Felaha (Kurtuluşa) Erenler ne demektir?

Kuranı kerimde geçen kurtuluşa erenler le kim kastedilmektedir?Kurtuluşa ermek ne demektir?Felaha ermek ne demektir?
Kurtuluşa erenler, Kur'ân'da felâh, iflah, fevz ve mefâze kavramlarıyla ifade edilmiştir. Yeri zıraat için sürmek, hile yapmak, arzusuna nail olmak anlamındaki "f-l-h" kökünden gelen "iflâh" kelimesi istediğini elde etmek, kurtuluşa ermek, korktuğu şeyden, tasa ve zorluklardan kurtulmak, nimet ve rahatta daimî olmak, âhirette cennete kavuşmak; "fevz" ve "mefâz" bir şeyi elde etmek, şerden kurtulmak demektir. Kur'ân'da kurtuluşa eren kimseler, "müflih" (çoğulu müflihûn), "fâiz" (çoğulu fâizûn) olarak nitelenmişlerdir.

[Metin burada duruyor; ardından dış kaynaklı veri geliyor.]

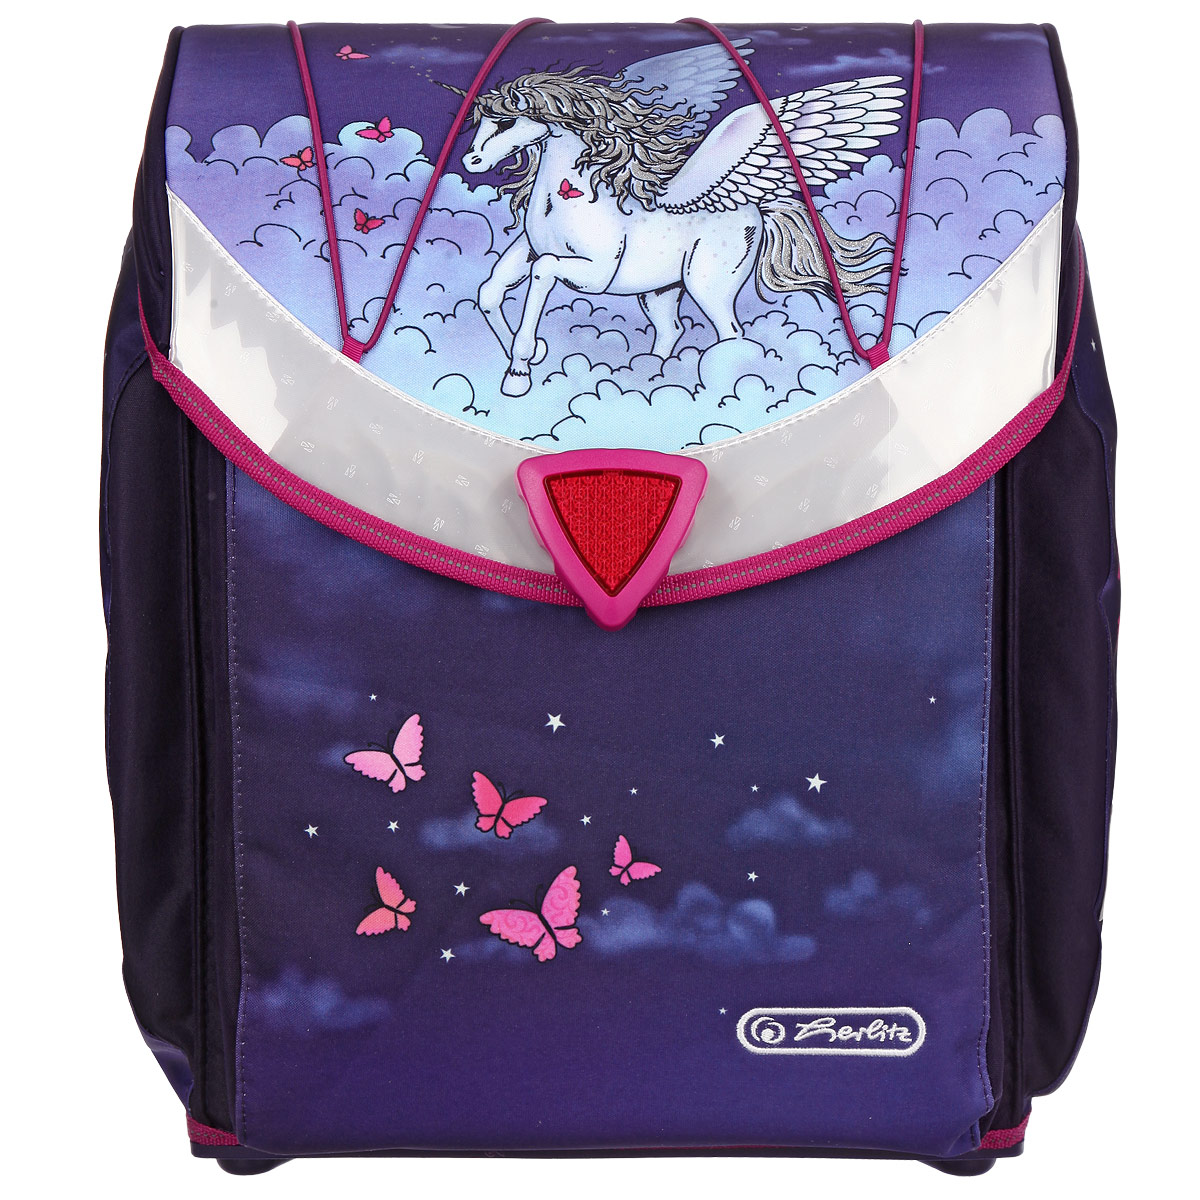 Ранец школьный Herlitz Flexi Pegasus, цвет: фиолетовый50008162Школьный ранец Herlitz Flexi Pegasus станет для вашего ребенка надежным спутником в получении знаний. Ранец с жестким корпусом выполнен из прочного водооталкивающего материала фиолетового цвета и оформлен изображением пегаса. Ранец содержит два вместительных отделения. Внутри одного из них находится фиксатор для тетрадей и учебников. Внутри второго отделения расположены текстильная перегородка с уплотнителем и большой карман-сеточка на застежке-молнии. Ранец закрывается клапаном с поворачивающейся магнитной защелкой. На внутренней части клапана находятся два пластиковых кармашка, в которые можно поместить расписание уроков и визитку с личными данными владельца.Сверху на клапане имеется эластичная шнуровка, с помощью которой на ранце можно закрепить куртку.По бокам ранца расположены два внешних потайных кармана, которые закрываются на застежки-молнии. Бегунки на застежках дополнены металлическими держателями с надписью Herlitz. Ортопедическая спинка позволяет уменьшить нагрузку на спину.Ранец оснащен широкими мягкими лямками, регулируемыми по длине, которые равномерно распределяют нагрузку на плечевой пояс, и удобной ручкой для переноски в руке.Днище ранца выполнено из легкого, но прочного пластика, легко моется и позволит продлить срок службы ранца. Светоотражающие элементы не оставят незамеченным вашего ребенка в темное время суток.
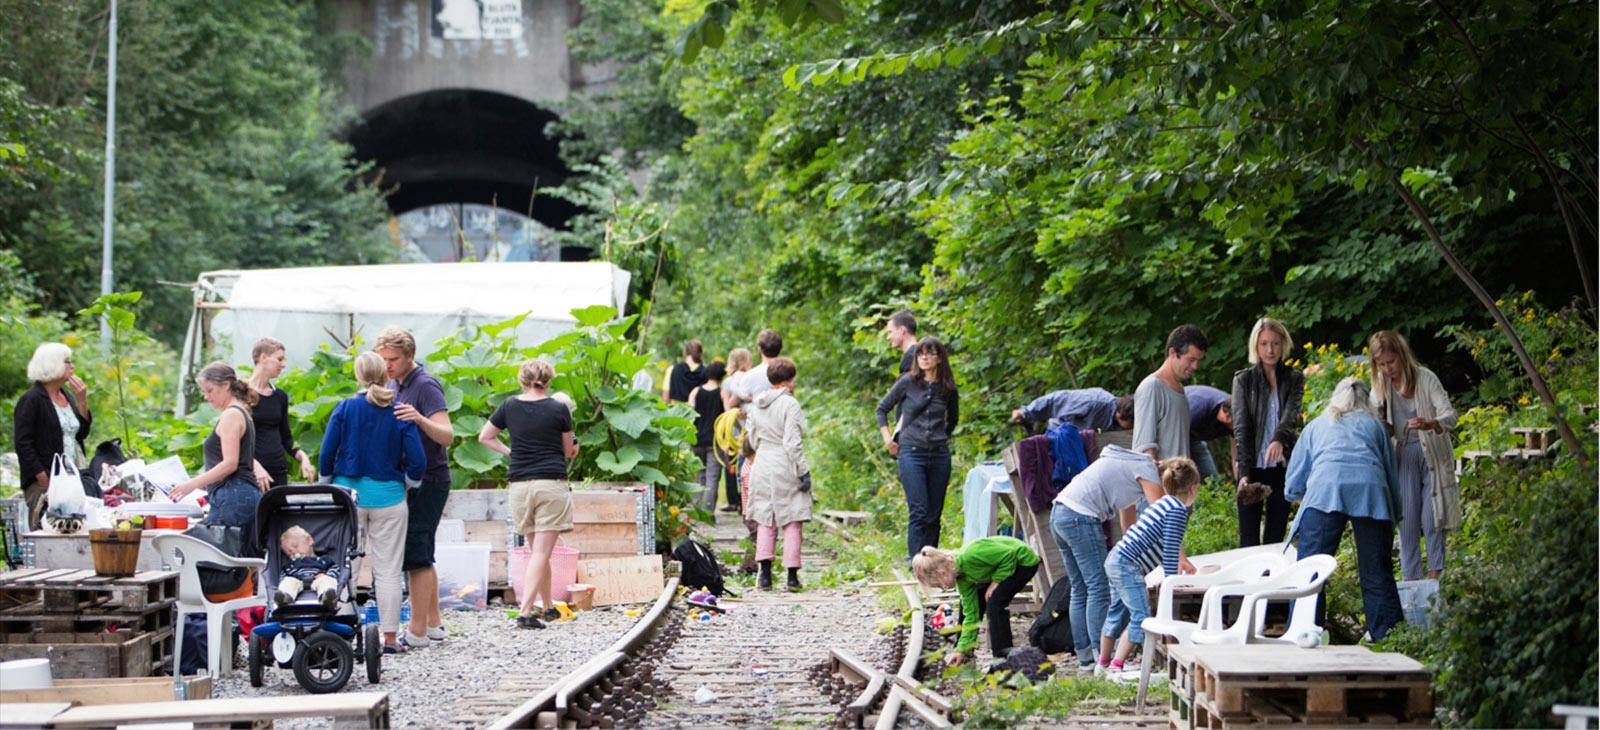 Tuin op het spoor in Stockholm. Foto: Trädgård på Spåret

Bir insanın kurtuluşa erebilmesi için en başta mümin olması gerekir. Mümin olmak kurtuluşa ermenin ön şartıdır (Mü'minûn, 23/1; Bakara, 2/3-4; Â'raf, 7/157).

Kur'ân'da "müflihûn" ve "fâizûn" (kurtuluşa erenler) olarak nitelenen insanlar; şirk, küfür ve nifaktan arınan (Â'lâ, 87/14; Şems, 91/9), Allah'a karşı gelmekten sakınan (muttaki) (Bakara, 2/189; Âl-i İmrân, 3/130, 200;), sabırlı (Âl-i İmrân, 3/200), mallarıyla ve canlarıyla Allah yolunda çalışan (Mâide, 5/35; Tevbe, 9/88), Allah'a yaklaşmaya yol arayan (Mâide, 5/35), içki, kumar, şans oyunları ve putlara tapmaktan sakınan (Mâide, 5/90), Allah'ın nimetlerini hatırlayan, nimetleri verenin Allah olduğunu bilen (Â'râf, 7/69), Allah'ı çok zikreden (Enfal, 8/45; Nur, 24/31), ibadet eden (Hac, 22/77), hayır işleyen (Hac, 22/77), tevbe edip Allah'a yönelen (Nur, 24/31), Allah'ın verdiği rızkı Allah yolunda harcayan (Bakara, 2/4), insanları hayra çağıran (Âl-i İmrân, 3/104), iyiliği emredip kötülüğü men eden (Âl-i İmrân, 3/104; Tevbe, 9/71-72), Peygamberi destekleyen ve dinine yardım eden (Â'râf, 7/157), Kur'ân'a uyan (Â'râf,7/157), Allah'a ve peygamberine itaat eden (Nisâ, 4/13; Tevbe, 9/71-72; Nur, 24/51-52), Allah'tan korkan (Â'râf, 7/157), güzel amelleri en iyi bir şekilde yapan (muhsin) (Lokman, 31/3-5), lağviyattan (dünya ve âhirette işe yaramayan, İslâm'ın hoş görmediği söz, fiil ve davranışlardan) yüz çeviren (Mü'minûn, 23/3), ırzlarını koruyan (zina etmeyen) (Mü'minûn, 23/5), nefsini cimrilikten arındıran (Haşr, 59/9), Allah yolunda savaşan (Tevbe, 9/100), farz, vacip, sünnet ve âdaplarına riâyet ederek ve hiç ara vermeden namazlarını kılan (Mü'minûn, 23/2, 9), zekatını veren (Lokman, 31/4-5; Tevbe, 9/71-72), emanetlere ve ahitlere (Allah'a ve insanlara verdiği sözlere, sözleşmelere) uyan (Mü'minûn, 23/8), Allah taraftarı olan (Mücadele, 58/22), ve mizanda (amellerin tartıldığı âhiret terazisinde) sevabı ağır gelen (Â'râf, 7/8, 23/102) müminler olarak tanıtılmıştır.

Özet olarak verdiğimiz bu nitelikler bütün olarak değerlendirildiğinde "kurtuluşa erenlerden" olabilmek için îmân edip sâlih ameller işlemek, Allah ve Peygambere itaat etmek, haram ve günahlardan kaçınmak gerektiği ortaya çıkar.